**THE TASK:** Images should not appear in the copy, yet every line of the listing below must be printed exactly.

**PROVIDED MATERIAL:**
***

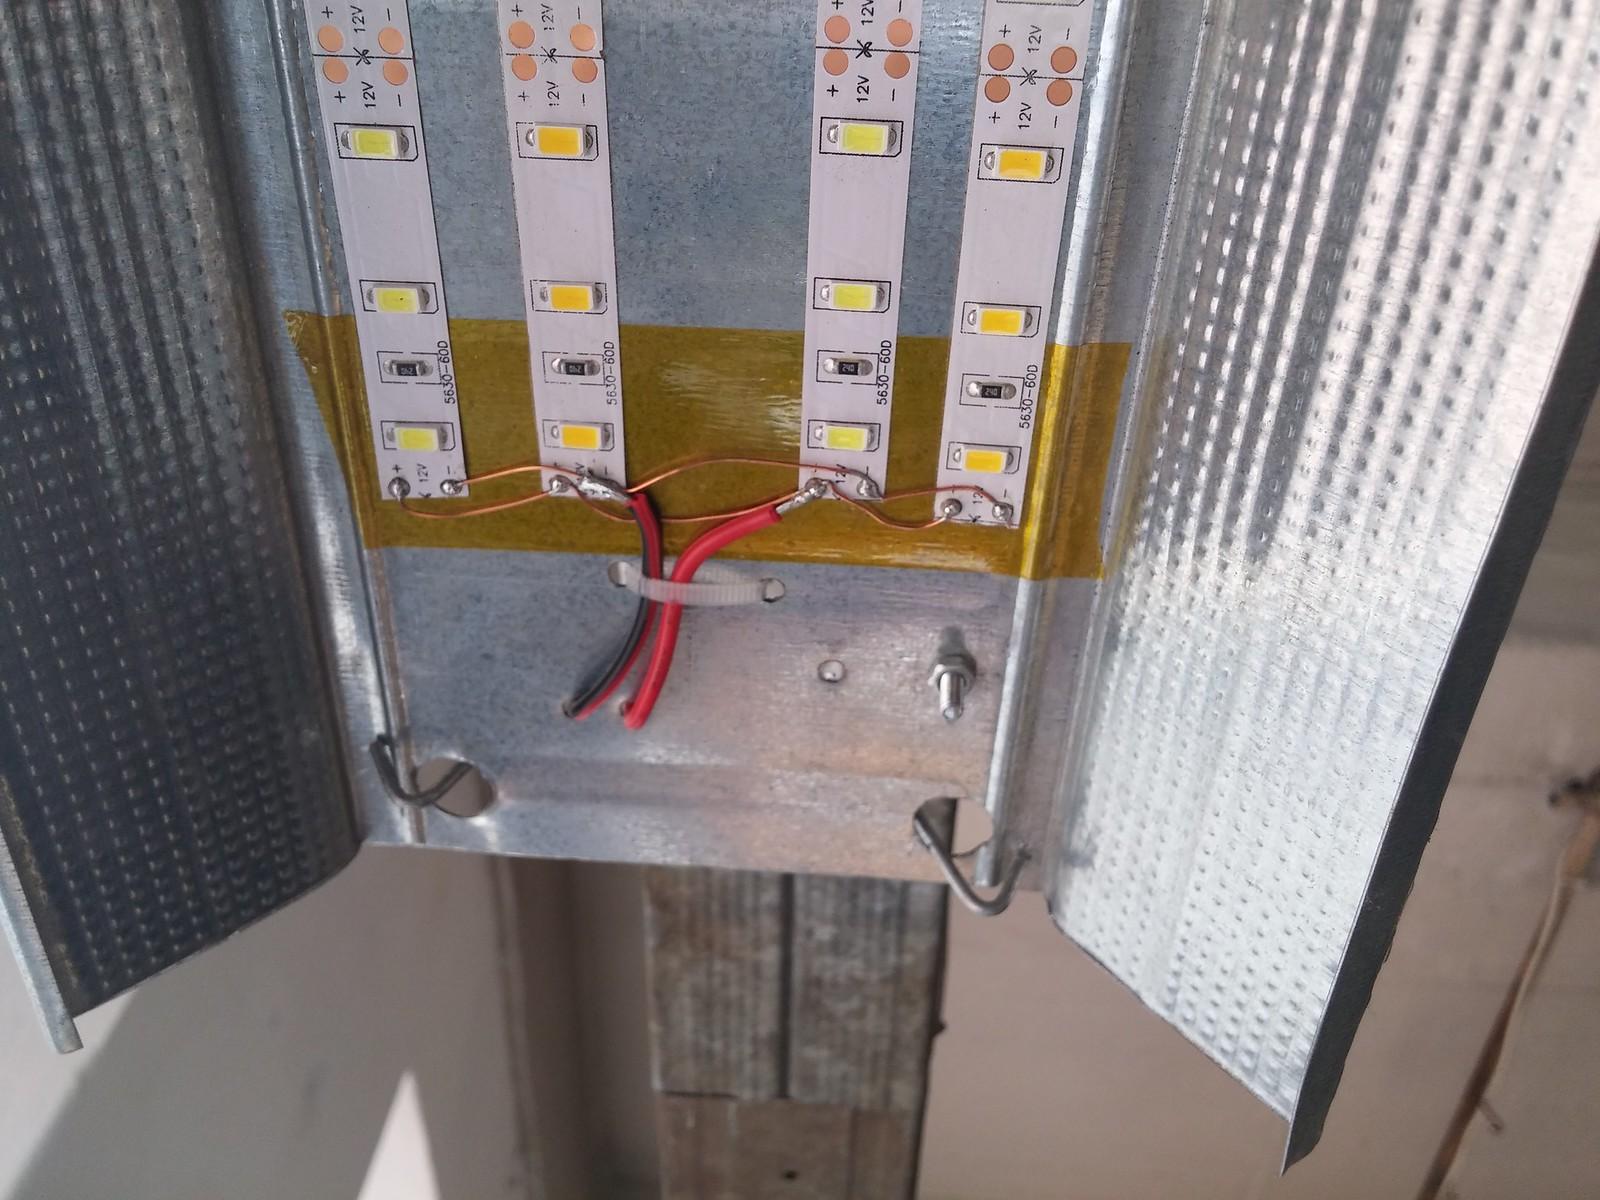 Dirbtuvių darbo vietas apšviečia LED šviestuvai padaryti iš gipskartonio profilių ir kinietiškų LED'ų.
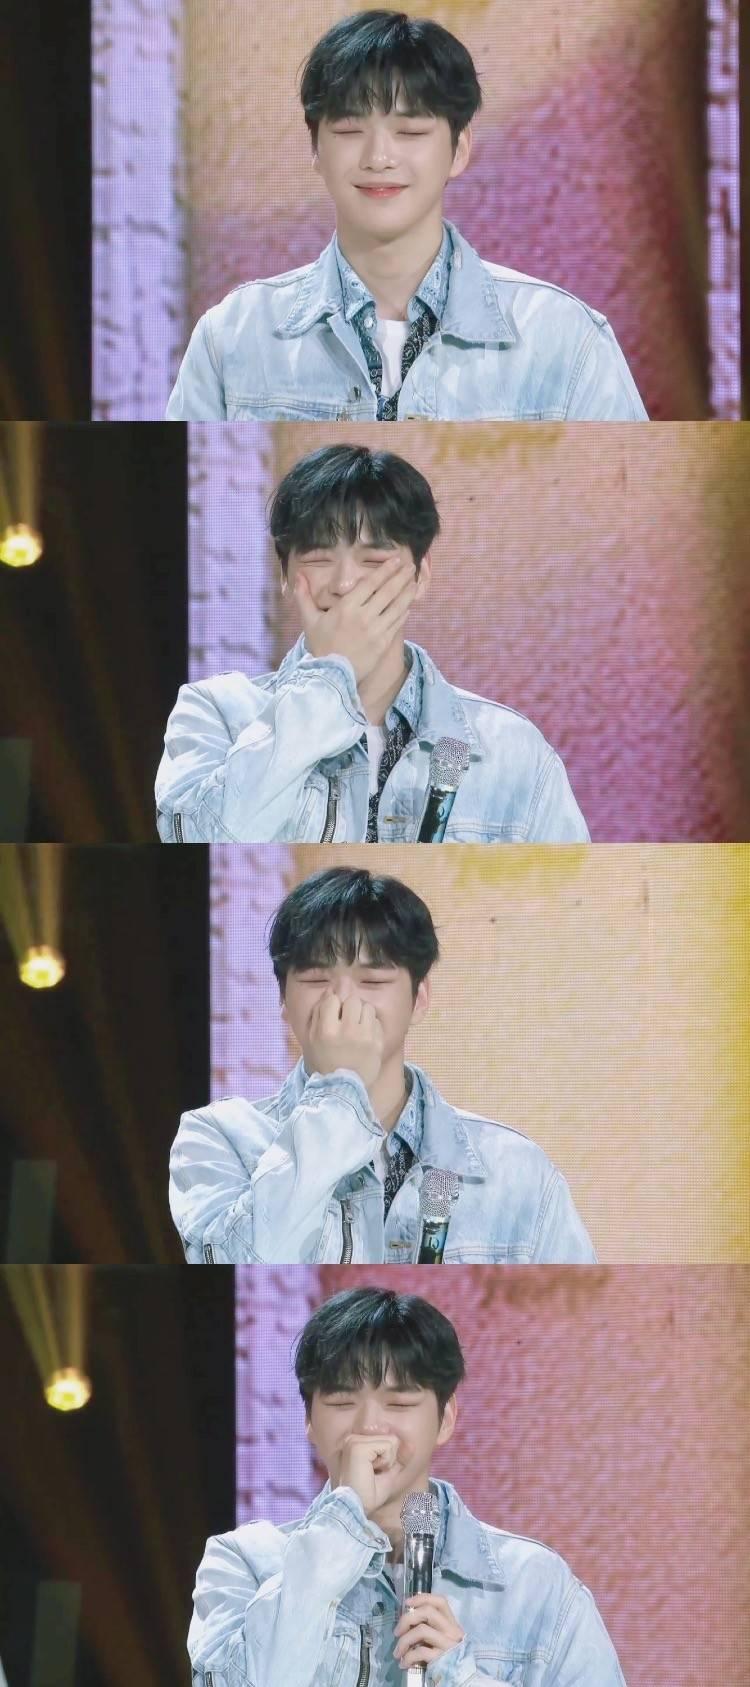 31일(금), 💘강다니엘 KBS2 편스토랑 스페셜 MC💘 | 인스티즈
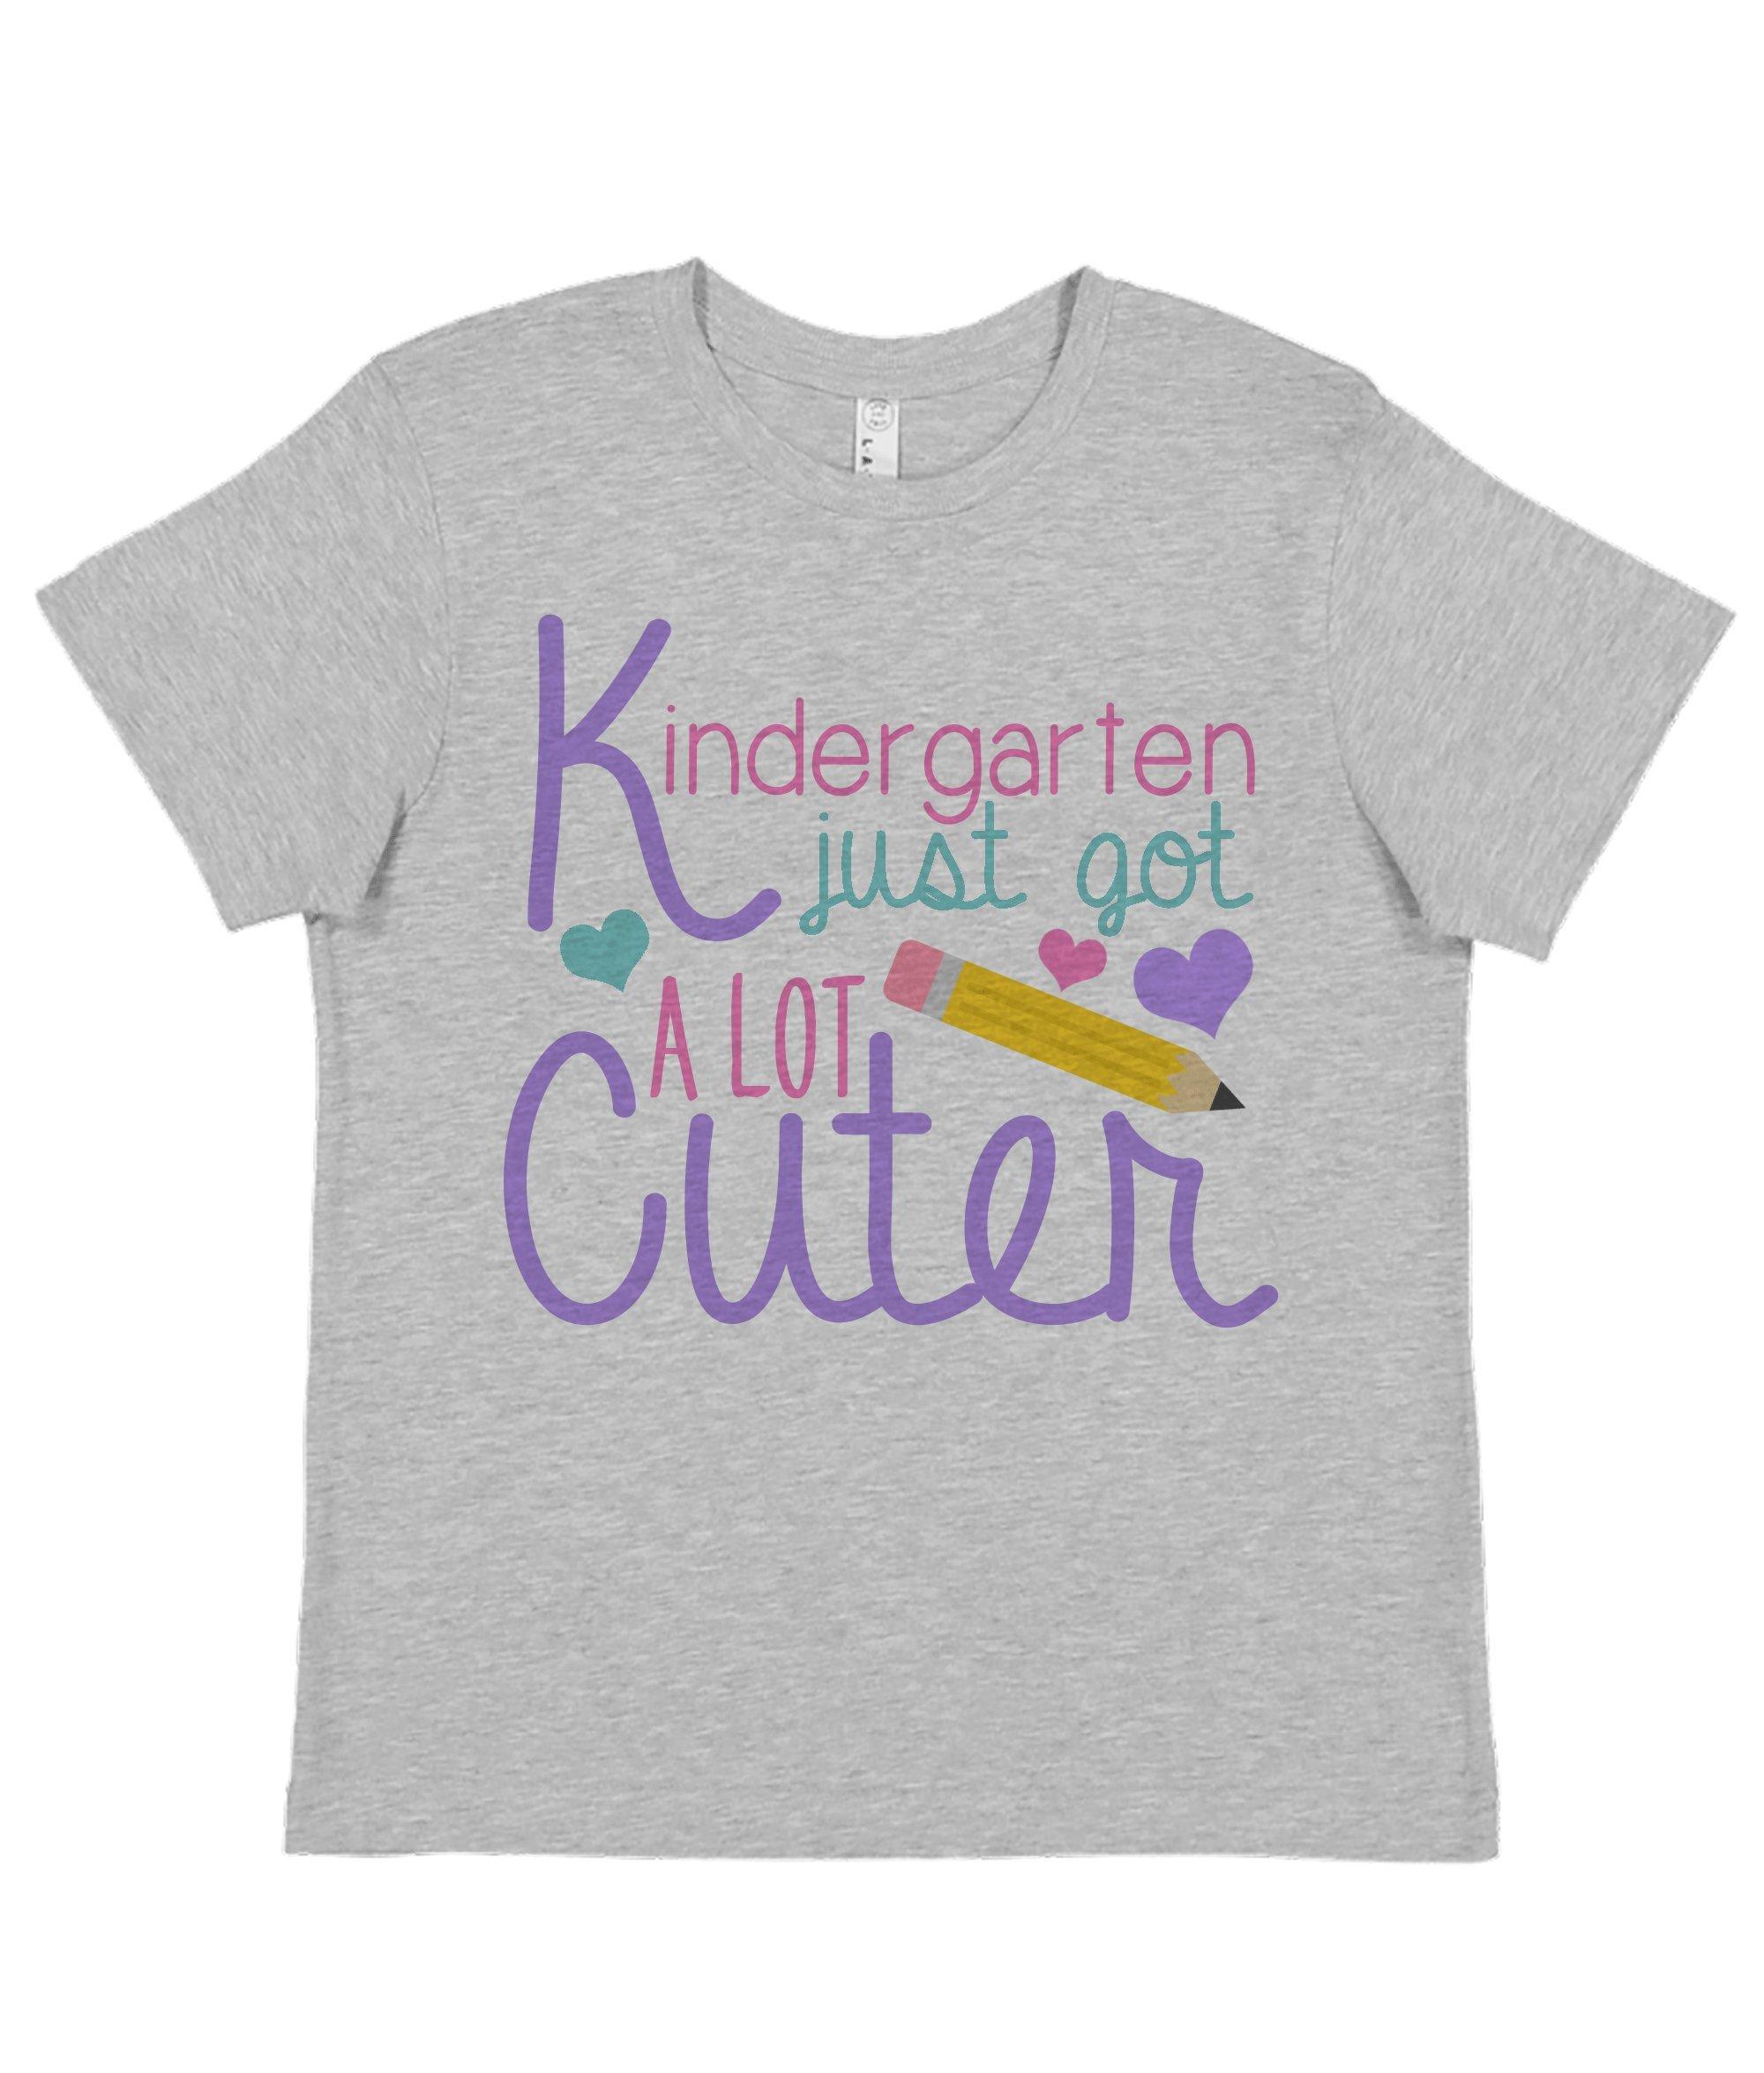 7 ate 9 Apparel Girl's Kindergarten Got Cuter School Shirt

***

**RESULT OF THE TASK:**
 Dirbtuvių darbo vietas apšviečia LED šviestuvai padaryti iš gipskartonio profilių ir kinietiškų LED'ų.
 31일(금), 💘강다니엘 KBS2 편스토랑 스페셜 MC💘 | 인스티즈
 7 ate 9 Apparel Girl's Kindergarten Got Cuter School Shirt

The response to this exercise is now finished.